Sbirri a Sociologia…. e DIANI COSA DICE?

Di questi tempi accadono cose strane al Dipartimento di Sociologia di Trento. E a quanto pare c’entra sempre una divisa. Ma andiamo per gradi.

È lunedì, tardo pomeriggio-prima serata, e nel cortile interno di Sociologia si svolge un aperitivo organizzato da una associazione studentesca. Ad un tratto, spuntano quattro poliziotti in divisa dentro al cortile, guidati da un signore “vestito normale” (anzi, chiamiamolo col suo nome, poliziotto in borghese) che indica loro un ragazzo, uno studente universitario per l’esattezza. A quanto pare, la polizia era stata chiamata poco prima da un ragazzo presente in cortile dicendo loro di aver riconosciuto chi, a suo dire, gli aveva rubato la bicicletta qualche tempo prima, il cui furto aveva denunciato proprio alla polizia. Riconoscimento avvenuto sulla base di un video di sorveglianza di pessima qualità, aggiungiamo. Insomma, gli zelanti poliziotti si presentano quindi a Sociologia, si dirigono dal ragazzo e, tolto lui il telefono, se lo portano via. In volante. Senza una denuncia a suo carico. Senza un pezzo di carta in cui spiegano cosa e perché. Solo con un sospetto in tasca (e il cellulare del ragazzo). Nel silenzio più totale di chi era in cortile e guardava la scena. Anzi, no, il silenzio in effetti non c’era, visto che la festa ha continuato come se nulla fosse, con tanto di musica.
Ma la stranezza non finisce qui. Infatti, la polizia ha messo piede in università senza tante cerimonie, pure portandosi via uno studente, senza poterlo fare. È noto a tutt@ infatti che affinché la polizia possa entrare in università per una qualsivoglia operazione, essa deve ricevere il permesso dal rettore o dal direttore del Dipartimento in questione. Gli zelanti sbirri della nostra storia, una volta arrivati in via Verdi, avrebbero dovuto andare in portineria, spiegare il motivo della loro presenza e chiedere al/alla funzionario/a presente di avvertire il direttore di dipartimento, in questo caso il Prof. Mario Diani. Solo con l’assenso di quest’ultimo avrebbero potuto procedere con “l’operazione”. Chissà… eccesso di zelo, voglia di combattere la criminalità, voglia di fare qualcosa oltre a presidiare Piazza Santa Maria Maggiore… insomma, la comunicazione non è mai stata data, la direzione del Dipartimento non è mai stata allertata, il permesso di entrare in università agli sbirri non è mai arrivato.

Chissà per quale strana formula uno studente o studentessa qualsiasi si trova davanti un iter burocratico infinito per usare uno spazio dell’università, senza il quale le porte delle aule non si aprono fuori lezione, ma degli uomini in divisa possono fottersene degli iter e fare quello che gli pare in uno spazio che DECISAMENTE non appartiene loro.
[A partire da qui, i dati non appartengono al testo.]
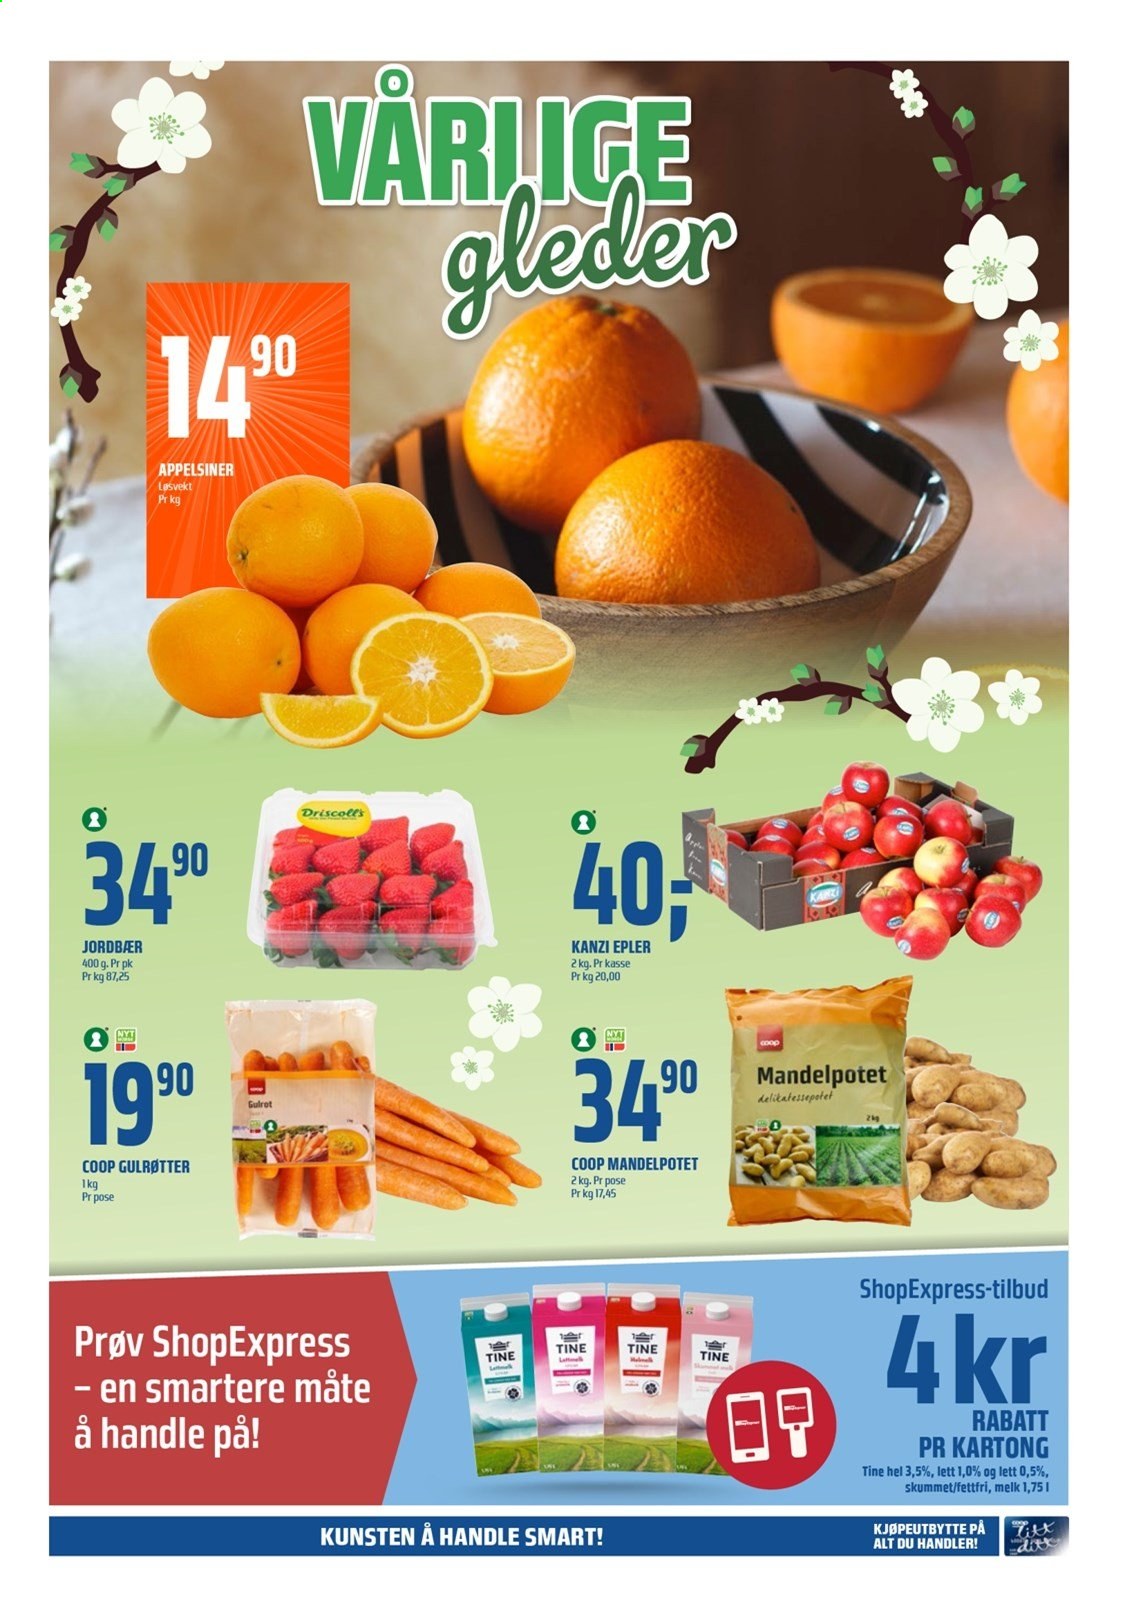 thumbnail - Kundeavis Coop Obs - 7.3.2021 - 13.3.2021 - Produkter fra tilbudsaviser - epler, jordbær, gulrot, melk. Side 3.

Chissà.

Riteniamo inaccettabile che nella nostra università la polizia entra ed esca, portandosi via anche uno studente, senza che chi di dovere sappia cosa sta succedendo. Soprattutto, riteniamo inaccettabile che la polizia possa entrare così facilmente all’università, senza che nessuno abbia fatto notare loro che sì, diamine, il permesso per mettere piede all’interno di un dipartimento LO DEVONO CHIEDERE.

Ci chiediamo e chiediamo al direttore del Dipartimento di Sociologia, Prof. Mario Diani, se è al corrente di quanto accaduto lunedì scorso all’interno del Dipartimento di cui è direttore. Chiediamo al Prof. Diani dunque di esprimersi sull’argomento e se ritiene normale che la polizia entri all’interno del Dipartimento, senza comunicare niente a nessuno.

Per quanto ci riguarda, lo abbiamo detto più volte nelle scorse settimane e continueremo a dirlo: FUORI GUARDIE E SBIRRI DALL’UNIVERSITA’!

Speriamo che Diani sia dello stesso avviso…

E’ tempo di RISCATTO! Assemblea pubblica

Vivere l’università al giorno d’oggi significa un sacco di cose. Significa vivere un contesto in cui vieni giudicato solo in base al numero di CFU registrati nel tuo libretto, dalla media dei tuoi voti, da quanti anni sei fuori corso. Significa vivere in un’università vetrina, che mira a raggiungere i primi posti nelle classifiche, all’efficienza, ma che si dimentica degli studenti e delle studentesse che ogni giorno la attraversano. Significa non avere spazi per la socialità, per il dibattito, per l’aggregazione. Significa anche non lasciare spazio al pensiero critico, alle forme di dissenso e di rivendicazione dal basso. Significa vedere la celere che entra nelle biblioteche o nelle facoltà, come a Bologna e a Roma. Ma non serve andare lontano per vedere esempi di questa situazione critica che sta vivendo il mondo universitario. L’ateneo trentino, con la provincializzazione, con le biblioteche in vetro e bambù, con i tagli alle borse di studio, con un debito da parte della Provincia di 200 milioni, con le aule studio chiuse è un chiaro esempio del fatto che gli studenti e le studentesse universitari della nostra generazione non sono minimamente considerati come parte attiva dei propri atenei. Non possiamo di certo accettare che delle guardie giurate entrino in ogni facoltà della città, soprattutto mentre la Provincia ha un debito di 200 milioni con l’ateneo. Vogliamo che i fondi vengano utilizzati per fornire più aule studio, più borse di studio, per garantire una formazione completa, che incentivi il pensiero critico. Non possiamo stare zitt* di fronte alle speculazioni della Provincia, allo sperpero di denaro, non possiamo accettare le istituzioni politiche all’interno del CDA.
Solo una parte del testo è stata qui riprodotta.